Why is OpenAi API more expensive for non -English -speaking languages

How can it be that the sentence "Hello world" Two tokens in English and 12 Hindi tokens? — How can the expression “Hello World” have two tokens in English and 12 Hindi tokens?

After publication My recent article on how to estimate the cost of the OpenAi API, I received an interesting comment that someone had noticed that the OPENAI API is much more expensive in other languages, such as those using Chinese, Japanese or Korean characters (CJK), than in English.

Commentary of a reader on my recent article on how to estimate the cost of the OpenAi API with the Tiktoken library — Commentary of a reader on my recent article on how to estimate the cost of the OpenAi API with the `tiktoken` library

I was not aware of this problem, but I quickly realized that it is an active research field: at the beginning of this year, an article called “Tokenizers of the language model introduced the injustice between the “Petrov et al languages”. (2) have shown that the “same text translated into different languages can have considerably different Tokenization duration, with differences up to 15 times in some cases. “”

As recycling, tokenization is the process of dividing a text into a list of tokens, which are common sequences of characters in a text.

The difference in token length is a problem because The OPENAI API is billed in units of 1,000 tokens. So, if you have up to 15 times more tokens in a comparable text, this will result in 15 times the costs of the API.
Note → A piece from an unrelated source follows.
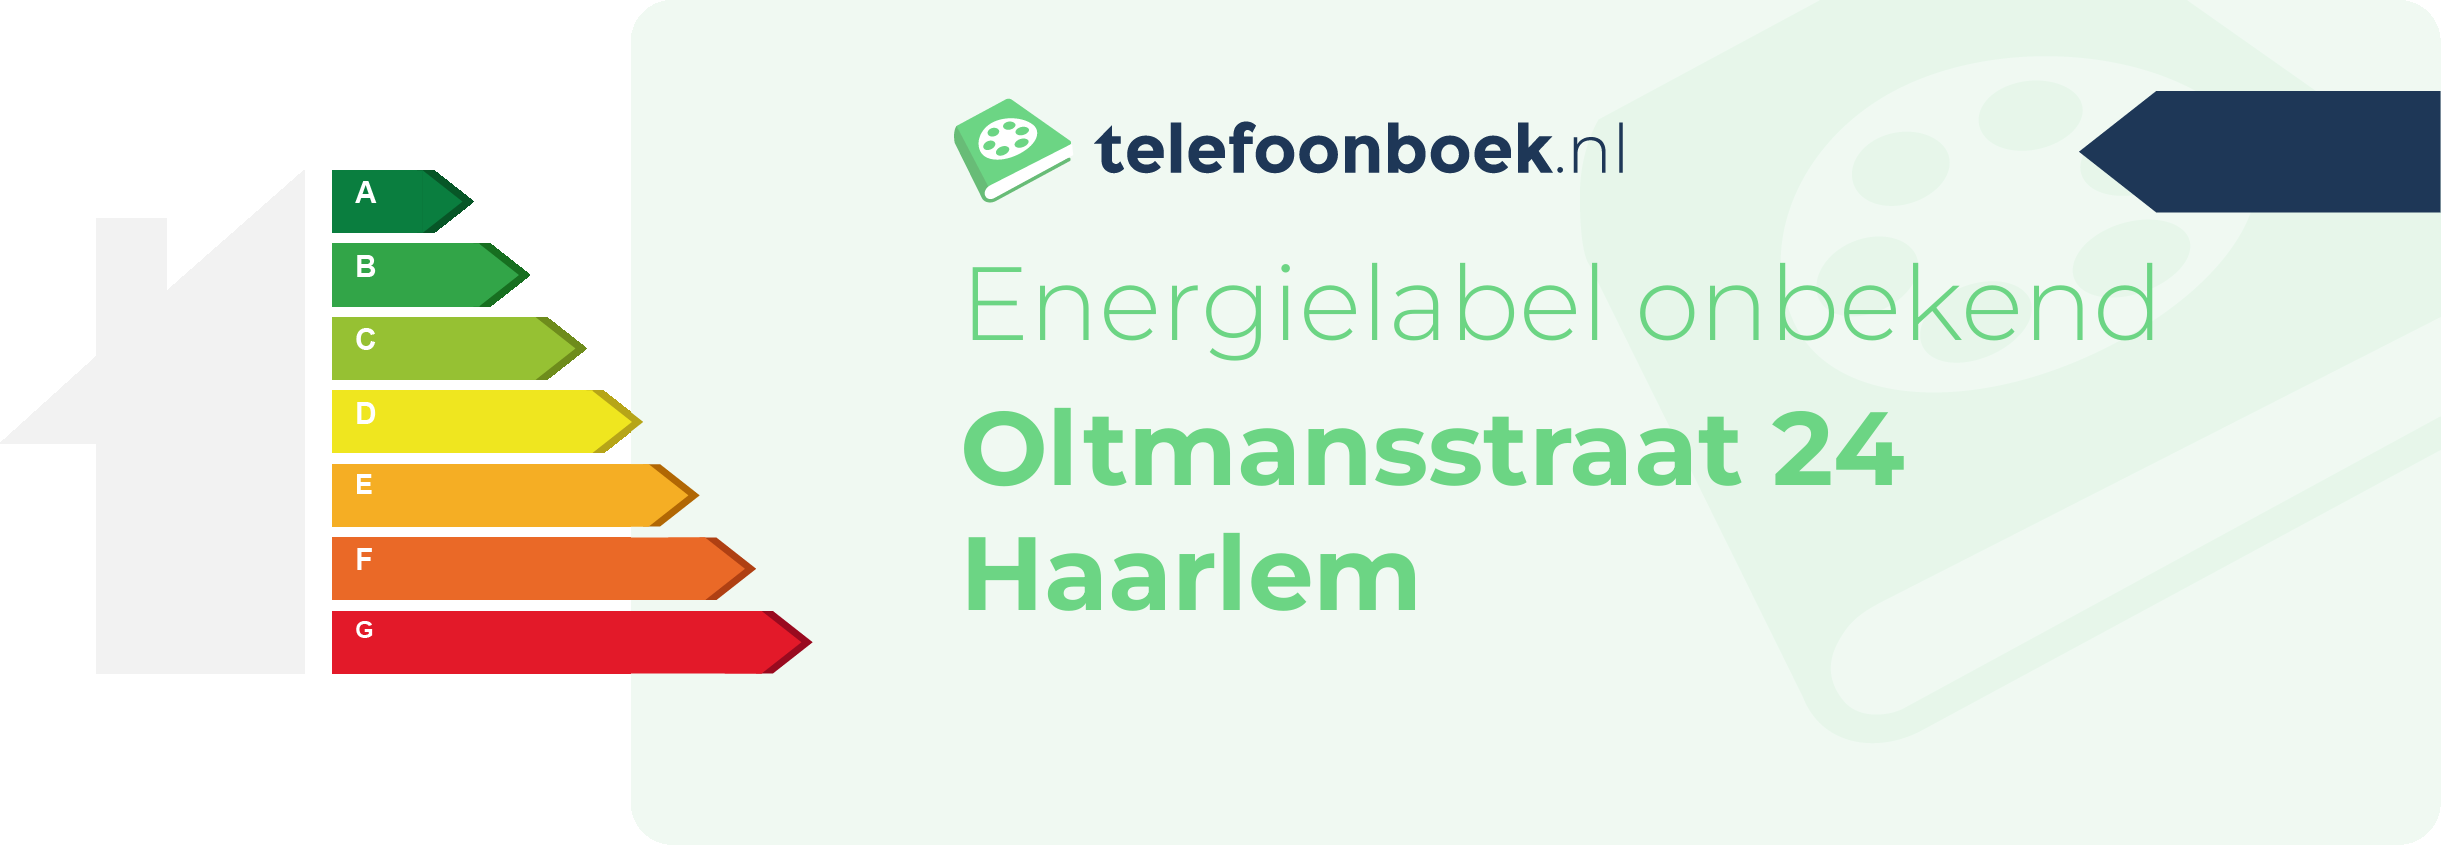 Energielabel Oltmansstraat 24 Haarlem
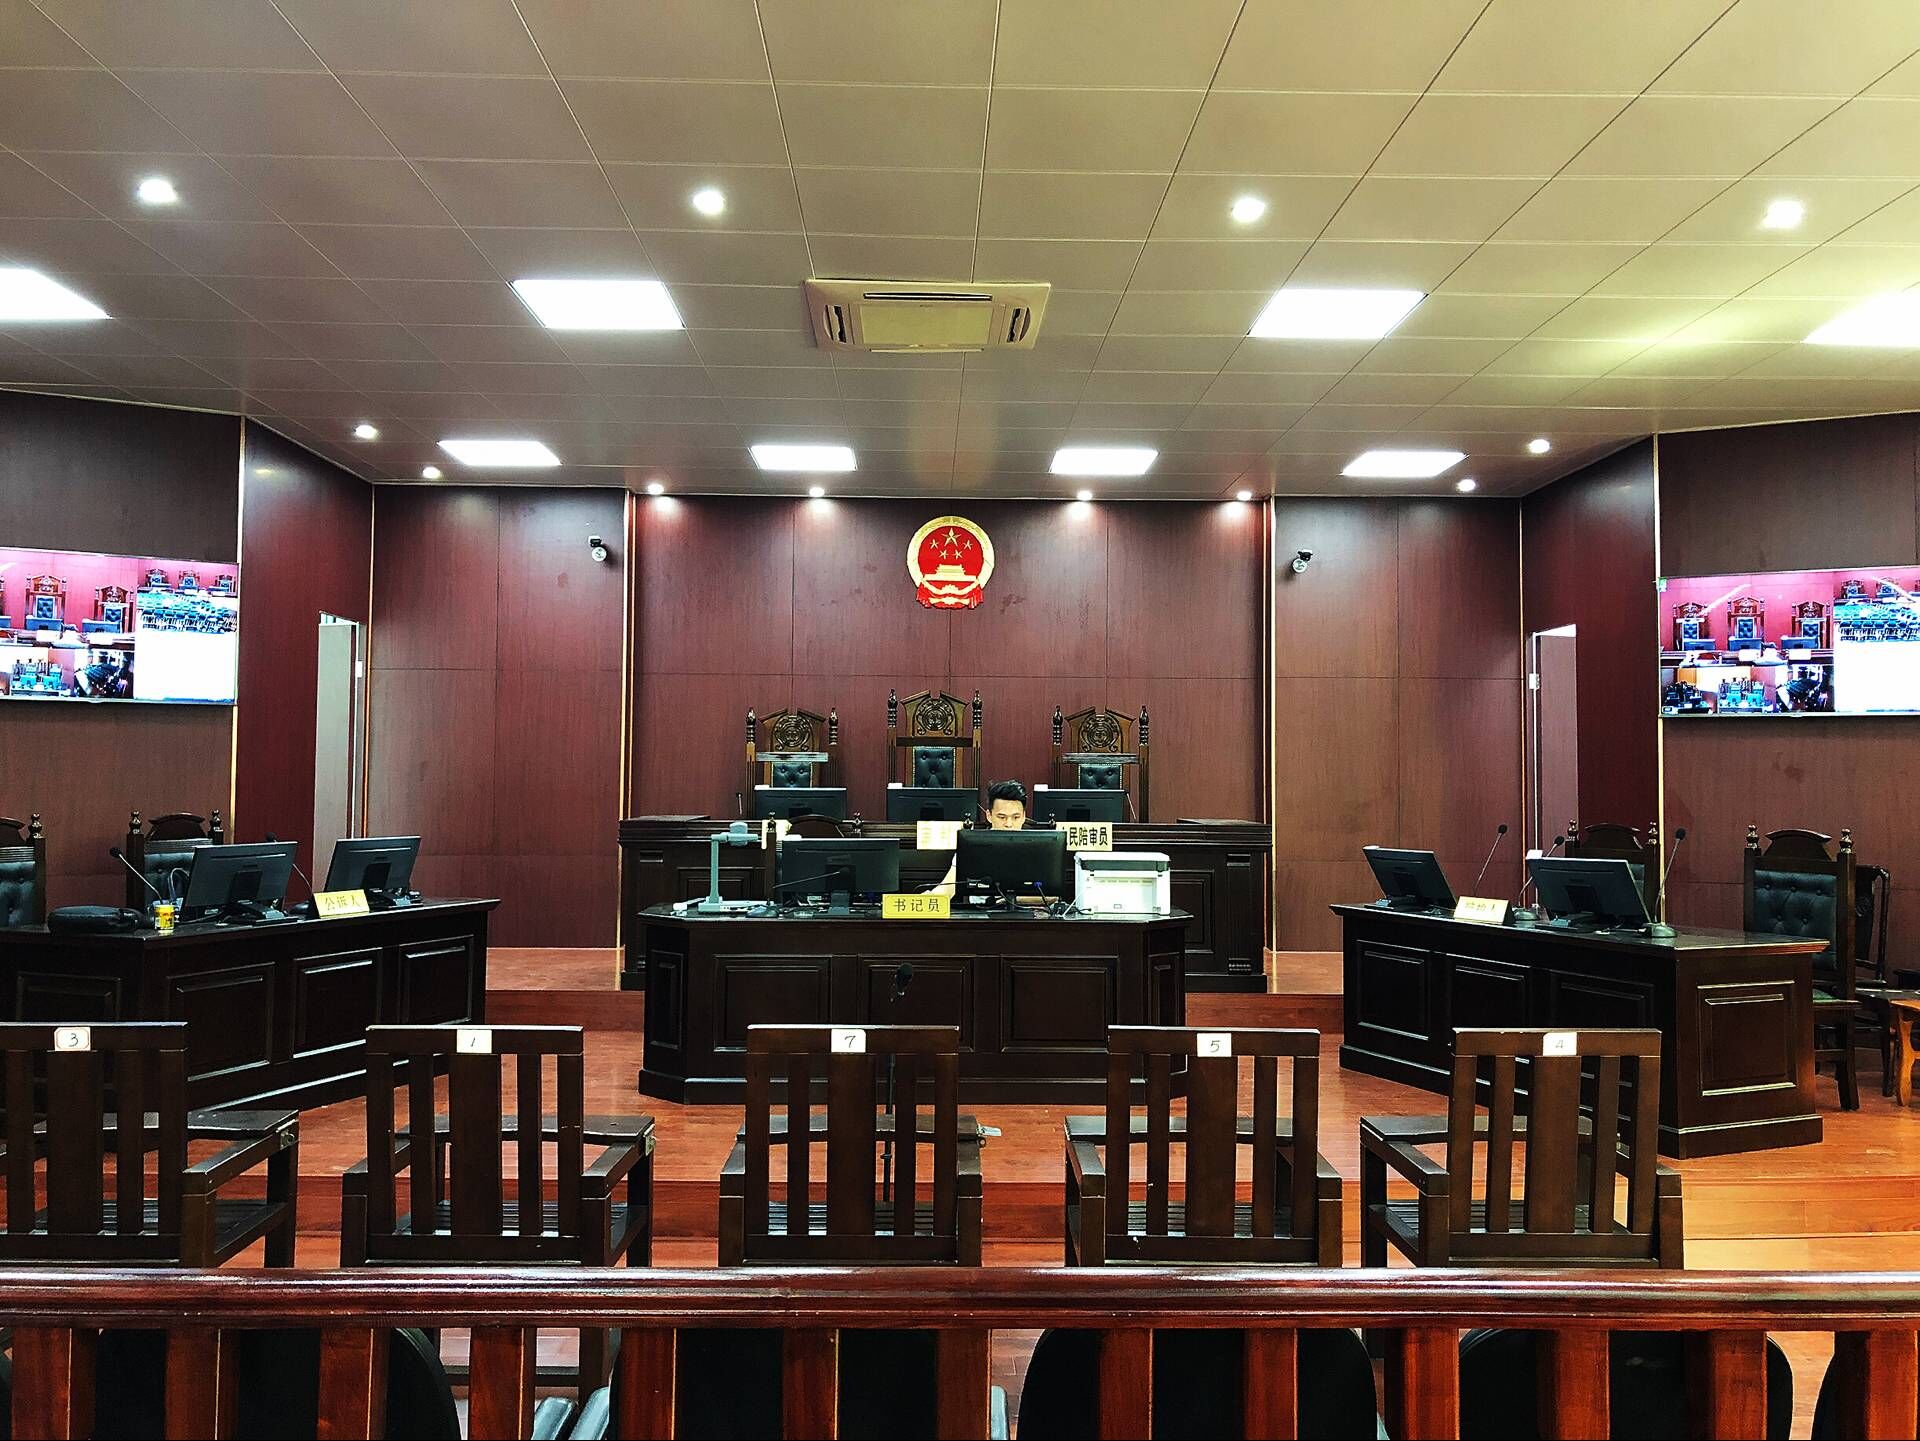 国际商事法庭 | CICC - 最高人民法院第一国际商事法庭首次启用新法庭 公开开庭审理案件

Experience: number of tokens in different languages

Trafions The phrase “Hello World” in Japanese (こんにちは世界) and let’s transcribe it into Hindi (हैलो हैलो). When we token new sentences with the cl100k_base Tokenzer used in OPENAI GPT models, we get the following results (you can find the Code I used for these experiences at the end of this article):

Number of letters and tokens (cl100k_base) for the sentence "Hello world" In English, Japanese and Hindi — Number of letters and tokens (`cl100k_base`) For the “Hello World” sentence in English, Japanese and Hindi

From the above graph, we can make two interesting observations:

The number of letters for this sentence is the highest in English and the lowest in Hindi, but the number of resulting tokens is the lowest in English but the highest in Hindi.
In Hindi, there are more tokens than there are letters.

How can it happen?

Fundamental

To understand why we find ourselves with more tokens for the same sentence in languages other than English, we must review two fundamental concepts of coding of bytes and unicode pairs.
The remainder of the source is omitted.